Dopo qualche giorno ci hanno fatto una visita per vedere se, sotto l’ascella, avevamo lo
stesso gruppo sanguigno delle SS. Poi mi hanno mandato in un paesino vicino, dove
incontrai degli italiani – erano napoletani – con cui sono scappato. Uno di loro, che era
addetto alla cucina, mi ha detto: “Non ti preoccupare, usciamo”. Era mezzanotte.
Purtroppo abbiamo incontrato degli inglesi, che ci hanno arrestato e ci hanno portato in
carcere, in un vero carcere, dove siamo rimasti per otto giorni. Ci hanno portato in
tribunale, ma non capivo niente... Insomma, sono ritorna to di nuovo nel campo di
concentramento dov’ero prima e gli inglesi mi hanno messo di nuovo a lavorare. Io avevo
una fame... Ci hanno dato una divisa inglese, perché non avevamo niente. Siccome ho
lavorato poi in cucina, per lavare le gamelle, ho potuto mangiare carne grassa e, se mi si
vede nella fotografia scattata dopo la liberazione, sono bello gonfio, sembro un pallone.

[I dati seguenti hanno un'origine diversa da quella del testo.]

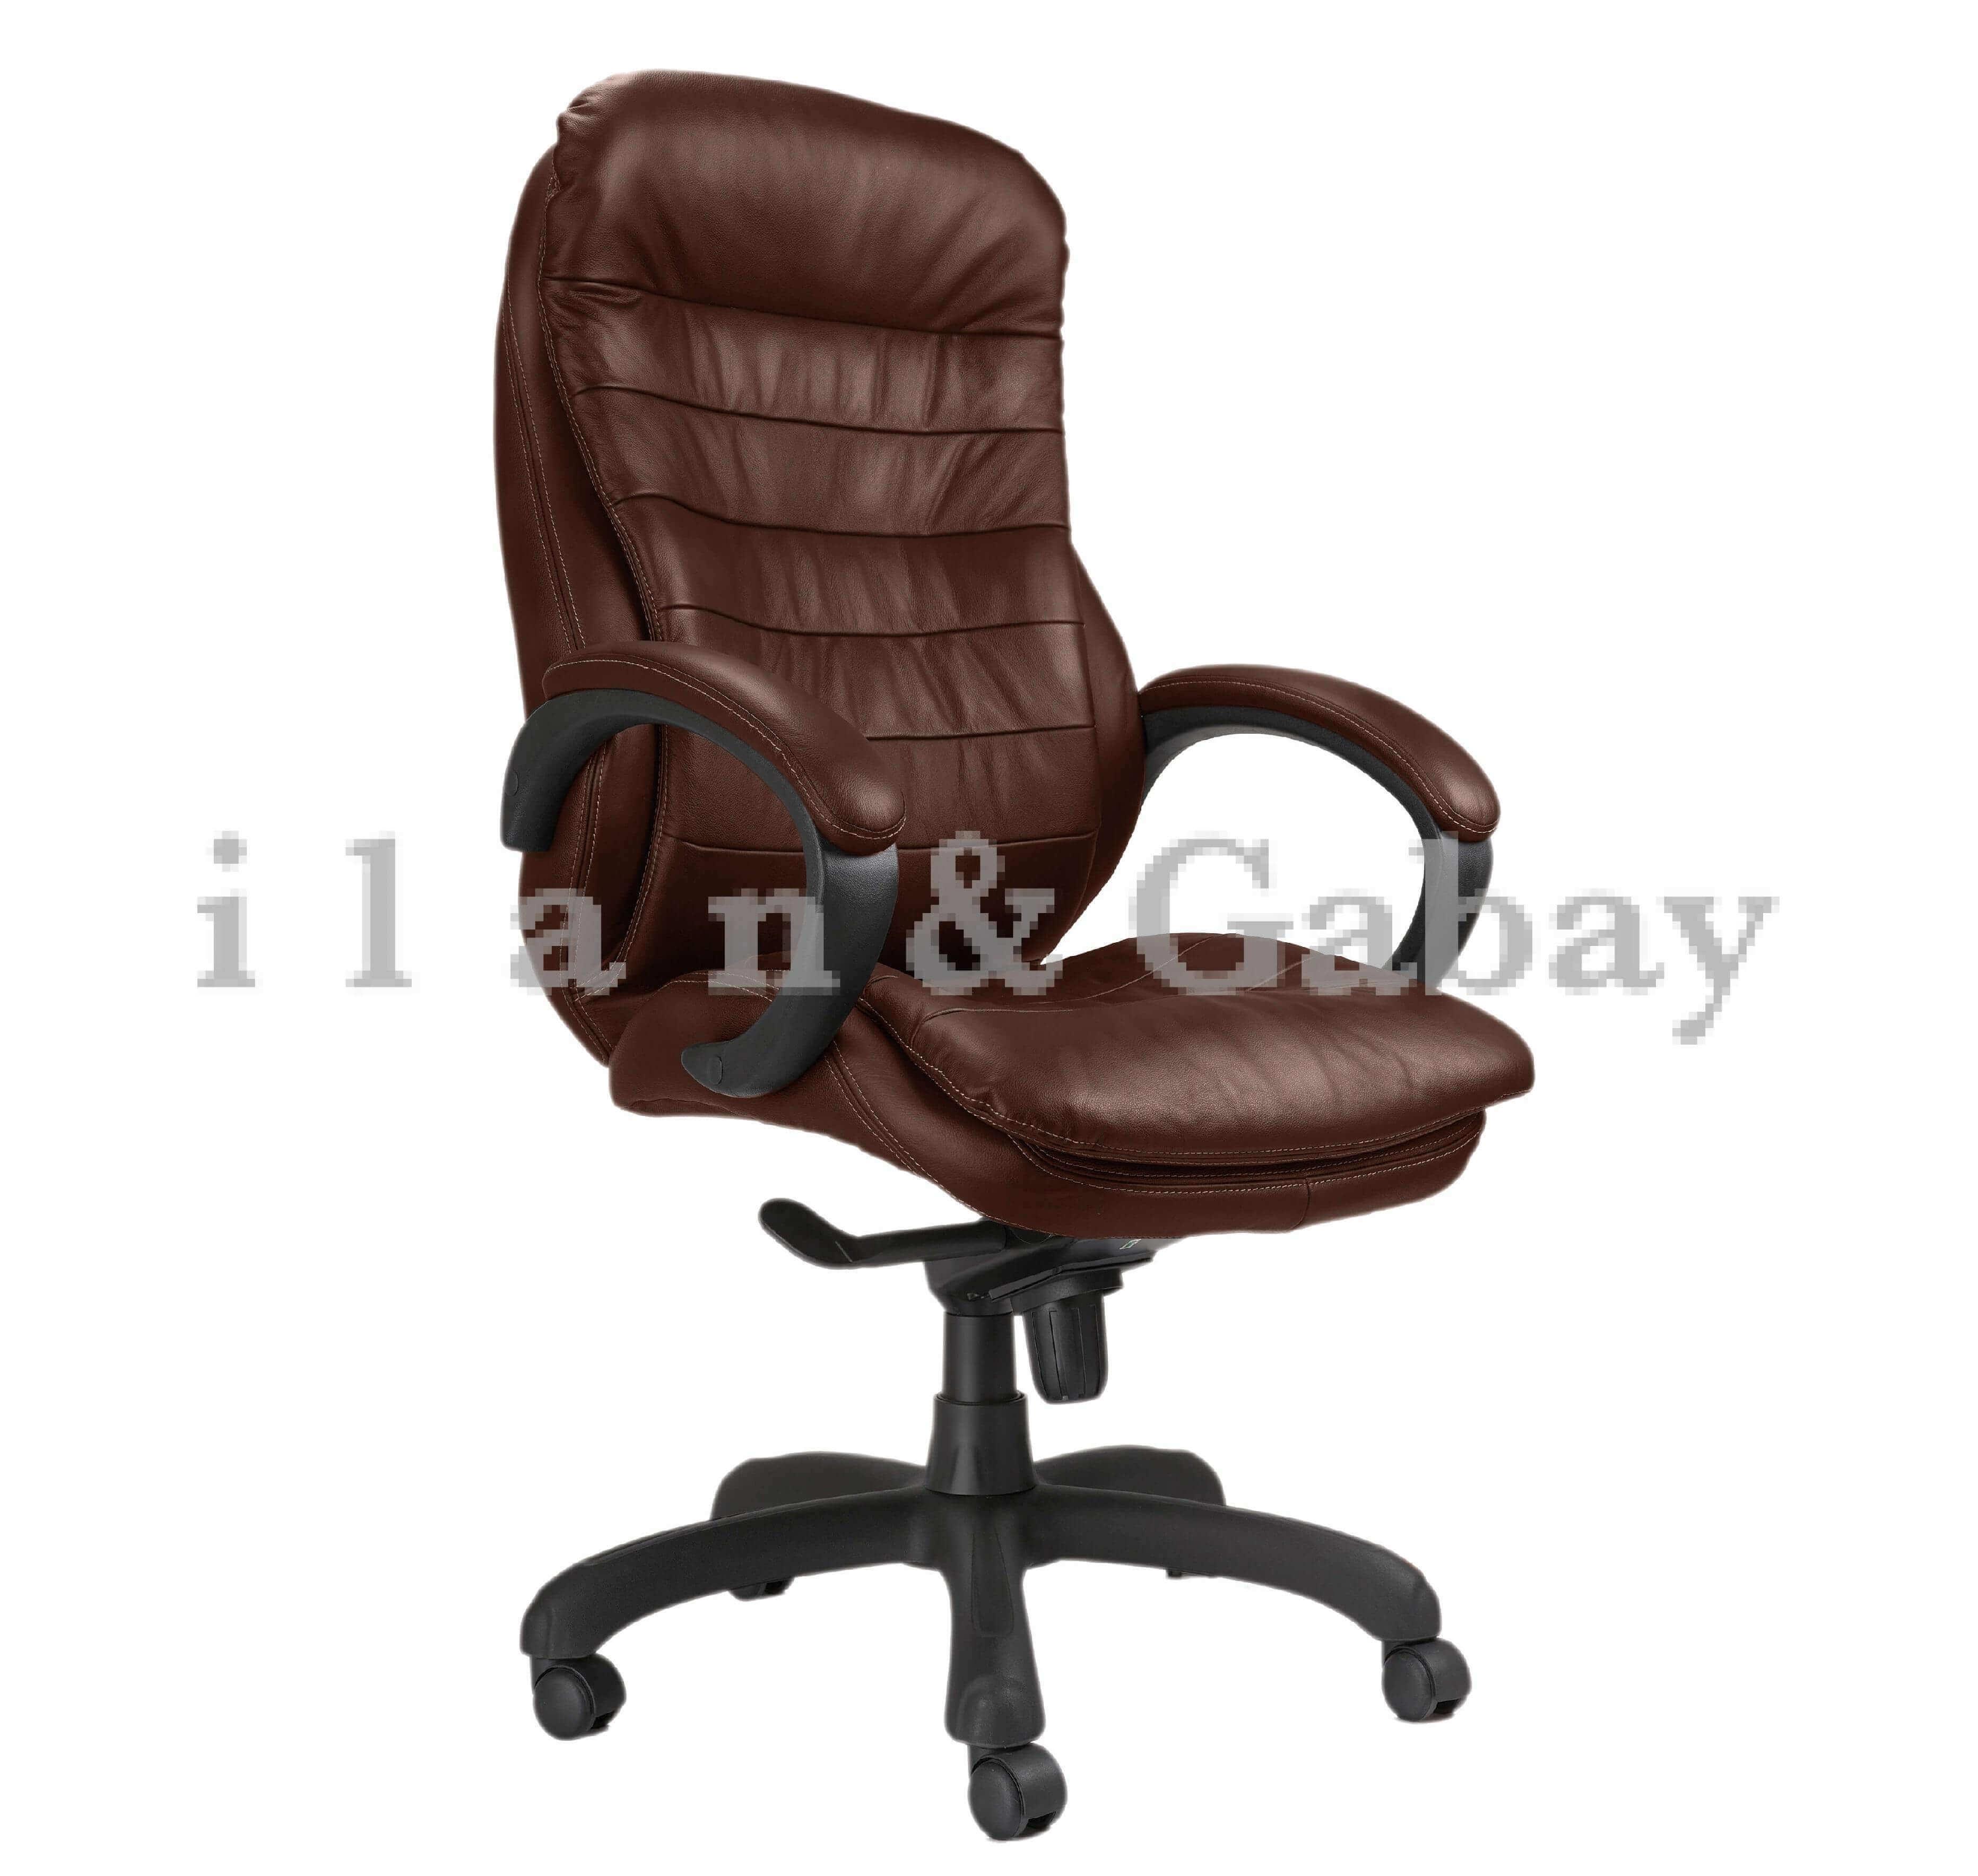 ANTONY-B כסא מנהל גבוה

Solamente dopo quindici giorni che ero arrivato a Caltagirone, nel mio paese, mi sono
sgonfiato completamente, tanto che nessuno mi credeva. Dicevano: “E poi dicevano che
hanno sofferto! E come mai stanno così?”. Per trentuno anni non ho parlato più di
prigionia, perché nessuno mi credeva, anzi ancora oggi certuni si fanno delle risatine,
specie in Sicilia, perché nel meridione la guerra non l’hanno vista com’è stata fatta nel
nord.
Sono rientrato in Italia e sono arrivato nel mio paese il 28 settembre del 1945. Per tornare
a casa, ho impiegato diciotto giorni di carri bestiame. Questa è la mia storia e la mia
disgrazia. Però ringrazio Dio che sono ancora vivo. Non so se è stato un miracolo, se è
perché ero particolarmente sano e il mio sangue veramente buono. Forse è stata fortuna,
tutti i deportati che sono rientrati, tutti hanno avuto un tantino di fortuna, tutti.